Electrospun Nanofibers Reinforced Aluminium Matrix Composites, A Trial to Imp...
An investigation on the mechanical properties of a graphene reinforced alumina ceramic matrix composite
1. Project Concept: An Investigation on the mechanical properties of a graphene
reinforced alumina ceramic matrix composite (CMC).
Brief Literature Background:
Since the report by Iijma et al in 1991 on CNT reinforcement there has been a number of
studies aimed at mechanical property improvement through CNT reinforced composites
(Yamamoto et al., 2008; Iijma et al., 1991). The understanding is that CNTs possess high
tensile strength values (20-100 GPa) and high aspect ratio (>5000) making them suitable for
reinforcement applications (Iijma et al., 1991). They play a critical role in absorbing most of
the strain related energy due to their high elasticity. The use of CNTs to reinforce ceramics
has been motivated by the fibre bridging effect resulting from debonding and sliding
resistance which strengthens the composites and improve fracture toughness (Yamamoto et
al. 2008). The commonly accepted mechanisms contributing to improved strength and
toughness in CNT reinforced nanoceramics include; crack deflection at the CNT/ceramic
interface; crack bridging by the CNT and pullout of CNTs on the crack plane (Yamamoto et
al., 2008; Sahetat et al., 1999).
In light of the above, a number of CNT reinforced-composites have been studied so far, and
in a number of cases they show some improvement in mechanical properties especially
strength and for fracture toughness. Yamamoto et al (2008) reported a 25% increase in
fracture toughness for a 5vol% CNT addition (in the form of multi-walled carbon nanotubes
(MWCNTs)) to alumina (Yamamoto et al., 2008; Baughman et al., 2002). Zhan et al (2003)

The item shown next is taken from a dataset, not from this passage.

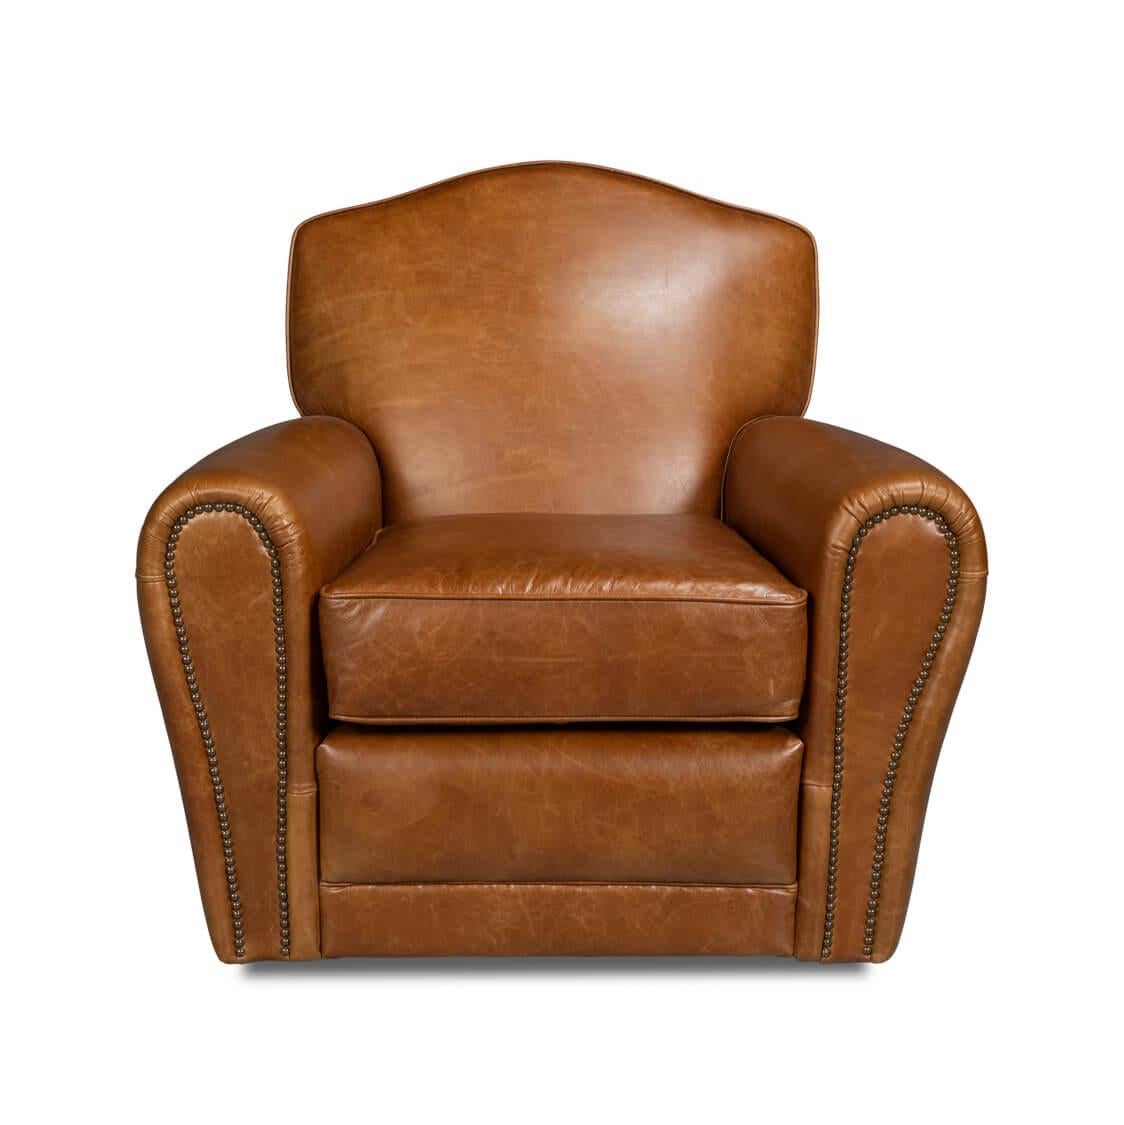 An Art Deco style leather upholstered club chair, in our Vintage Cuba brown leather, with long rolled arms, a padded seat back, and cushions, with detailed nailhead trim and raised on a swivel base.
Dimensions: 36

obtained a fracture toughness of 9.7 MPa.m1/2
with a 10vol%-SWCN (Single Wall Carbon
Nanotubes) reinforced alumina composite. This was enabled by the lower sintering
temperatures and shorter times required to obtain fully dense materials in SPS compared to
conventional sintering methods. Furthermore, a remarkably higher fracture toughness of 13.5
MPa.m1/2
was obtained for an alumina-SWCNT system in which Nb was added as a ductile
phase (Kuntz et al., 2002; Kuntz et al., 2004). The higher fracture toughness is attributed to a
more ductile Nb metallic phase. In another study the fracture toughness of zirconia toughened
alumina (ZTA) was improved by a margin of 44% by incorporating CNTs (Bocanegra &
Echeberria, 2011).
2. The development of CNT-reinforced composites is still limited owing to the difficulty in
obtaining homogeneous mixtures and the high cost of CNTs plane (Yamamoto et al. 2008;
Dusza et al., 2012). Furthermore, CNTs have a tendency to agglomerate and form ‘ropes’and
‘bundles ‘which makes it difficult to homogenously disperse CNTs in the matrix to form
adequate interfacial connectivity between the two phases (Yamamoto et al. 2011; Gat et al.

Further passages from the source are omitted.